The college’s recently finished Science Complex features 35,000 square feet of new classroom, office and laboratory space, with another 80,000 square feet of renovated space in progress.
“We have active-learning classrooms elsewhere on campus, but nothing that is science-specific,” Haberle says. “This addition gave us the opportunity to do something innovative that would benefit our science faculty and students.”
Providence College Sees Big Results in Active Learning Spaces
Much like the new buildings at UCI and UMD, Providence’s complex includes double-rowed tiered seating in its light-filled lecture hall, chemistry labs with whiteboard projector screens and a common room where students can collaborate using their own devices or flat-screen monitors on the walls. Three classrooms feature movable tables and seats, equipped with everything instructors need to keep students on their toes, including carts stacked with iPad Pro devices and Apple Pencils.
“The key to active learning is flexibility and being untethered from a podium,” Haberle says. “When you put faculty and students in a setting that allows this to happen, you see incredible results.”
Because everyone is required to take science courses as part of Providence’s core curriculum, students from all over the college use the building. “They’re excited about the technology and the hands-on environment, and they’re eager to learn in a different way,” Haberle says.
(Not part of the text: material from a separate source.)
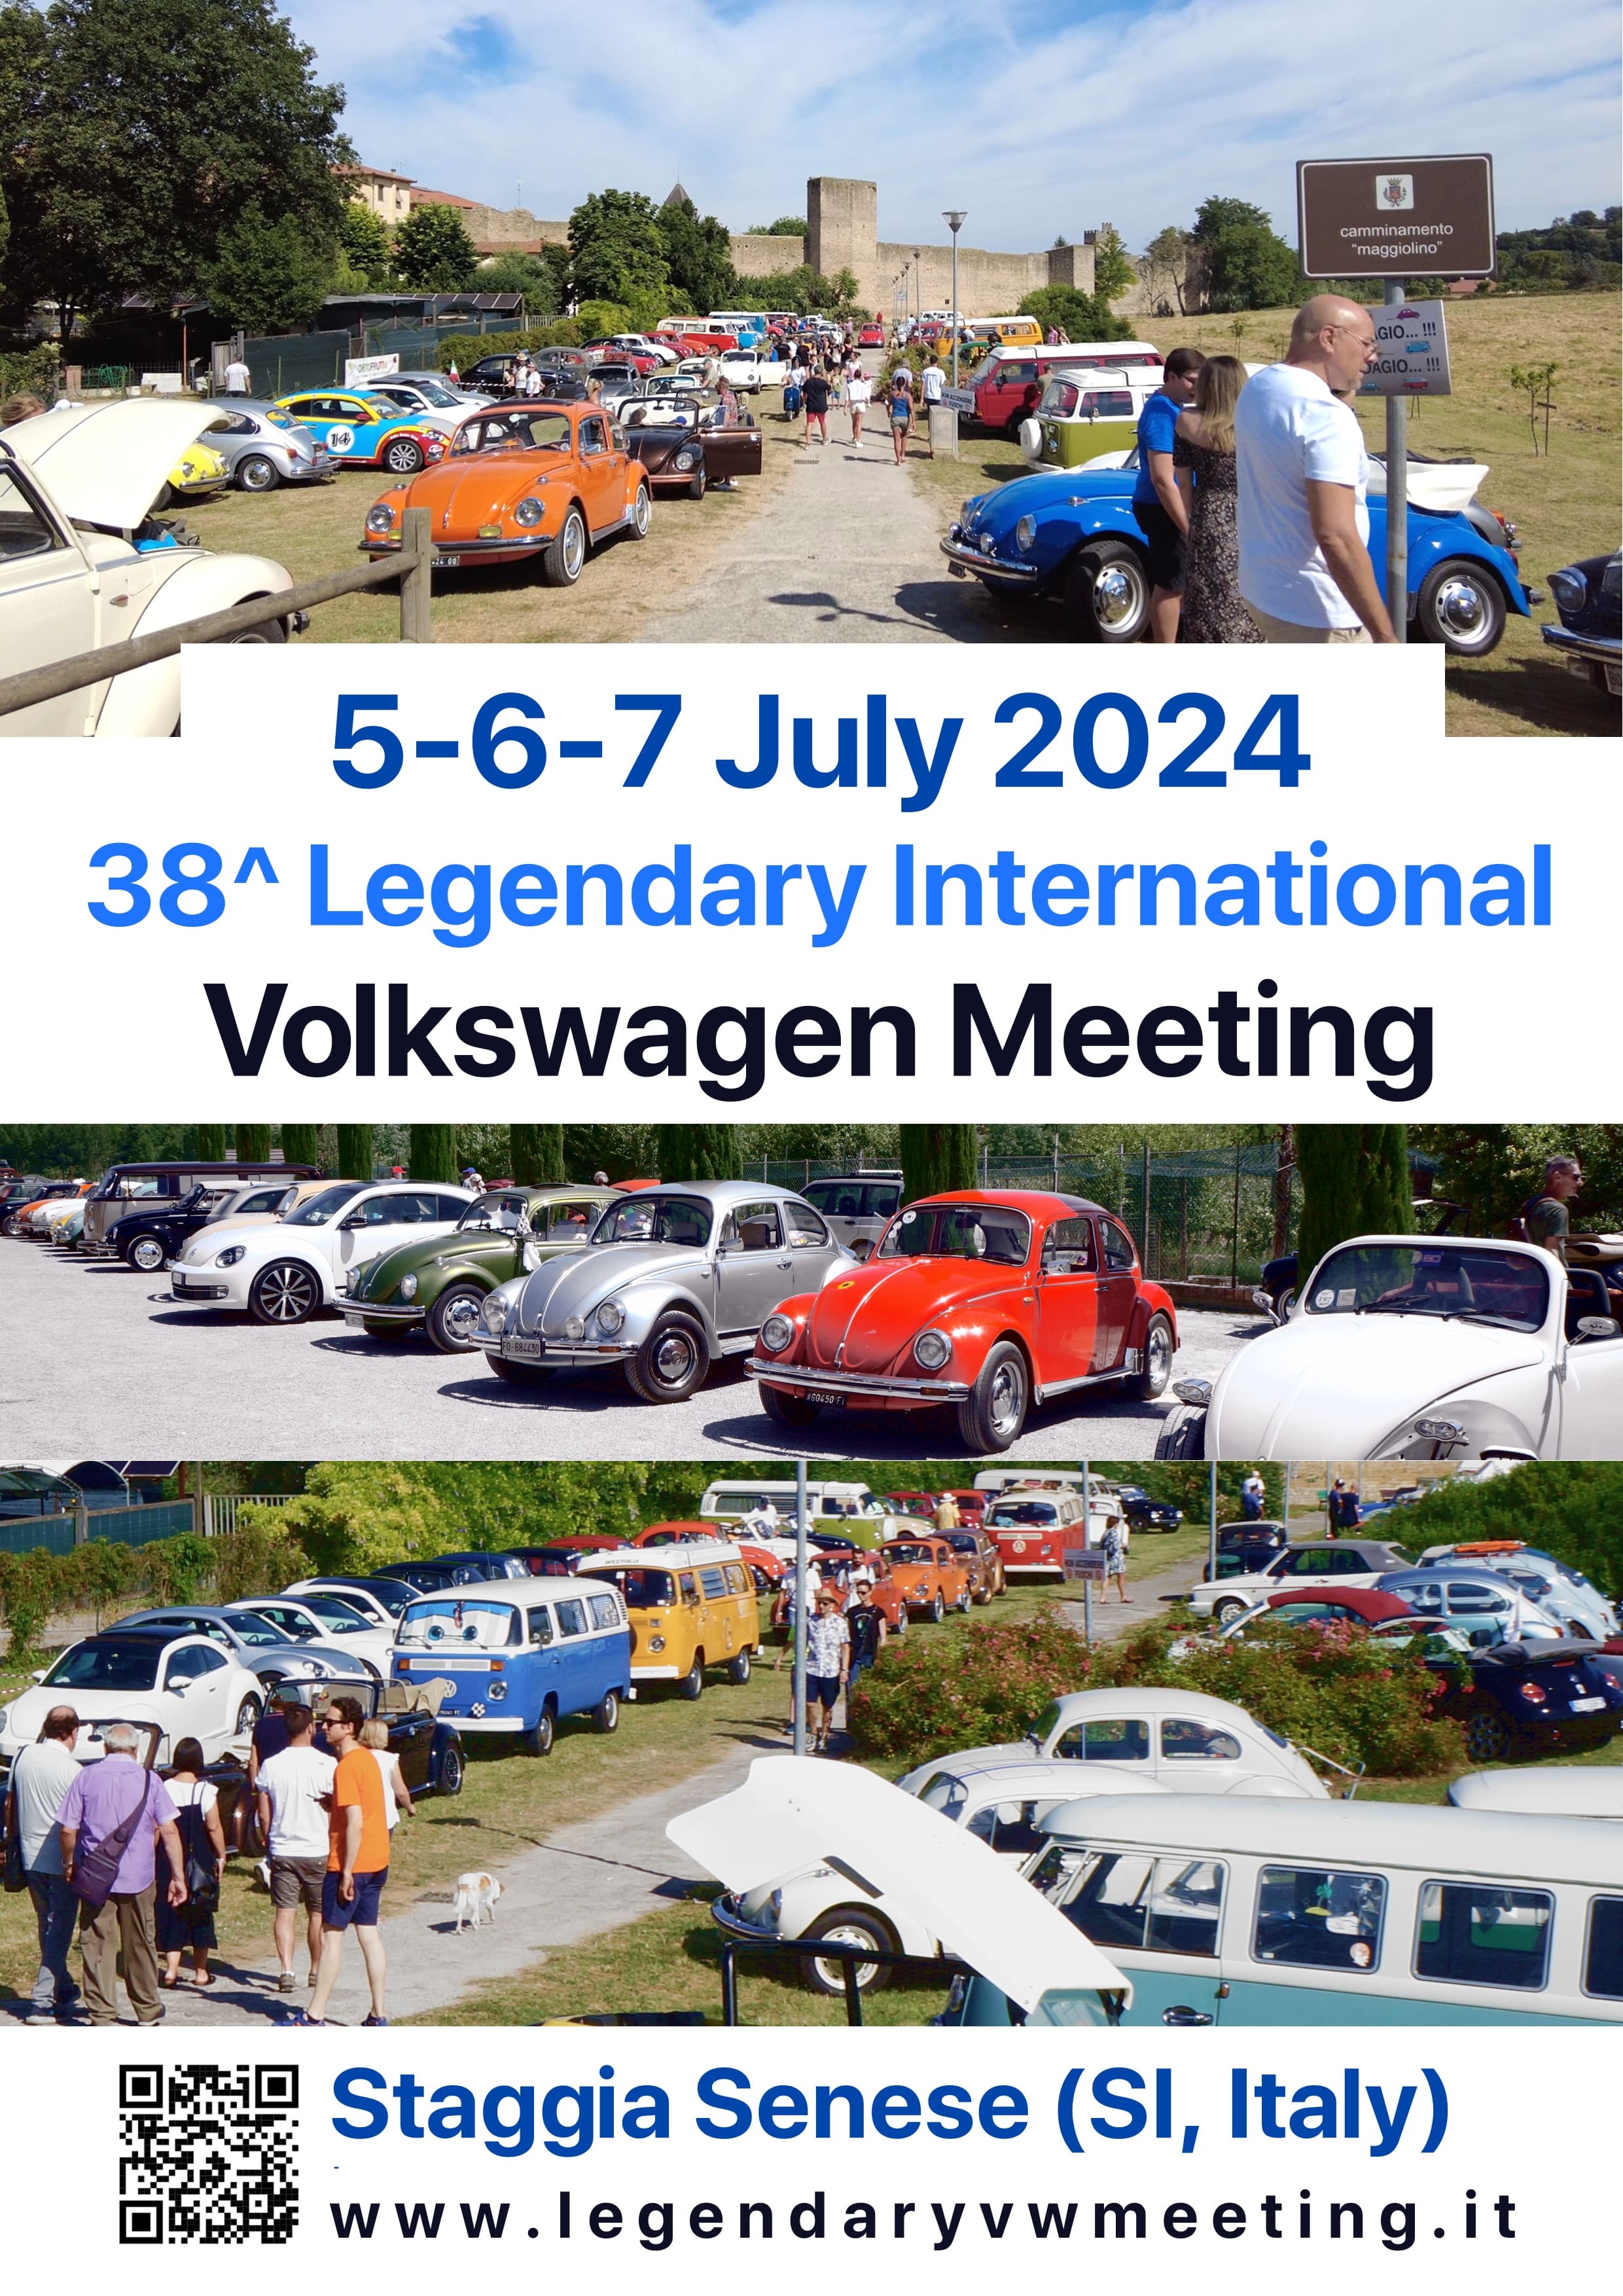 38º Legendary International Volkswagen Meeting, Staggia Senese, Siena, July 2024

Terp Tech: UMD’s Take on Modern Classrooms
The University of Maryland’s Edward St. John Learning and Teaching Center employs a wide range of active learning technologies, says Francis Bass, manager of classroom technology design. Among them:
- Switching: Crestron DigitalMedia matrix switchers (DM-MD8x8, DM-MD16X16 or DM-MD32x32) handle video switching and control signals. The Crestron DigitalMedia platform facilitates routing to Epson projectors.
- Projectors: Five larger classrooms use the Epson L1500U laser video projector, on ceiling lifts for easier servicing, and the remainder use Epson G7500U three-chip LCD projectors. Classrooms have two to four projectors, based on room type and size.
- Microphones: Every classroom has Shure ULX-D series handheld and lapel wireless microphones. Two large, tiered classrooms have two of each, as well as microphone (XLR) connections in recessed floor boxes at the front of the room to accommodate panel discussions. Catchbox throwable wireless microphones with a custom UMD logo are available in all classrooms.
- Cameras: Each room has at least two Vaddio RoboSHOT HD cameras. Large, tiered classrooms have four cameras that can be controlled within the rooms or from a separate master control room.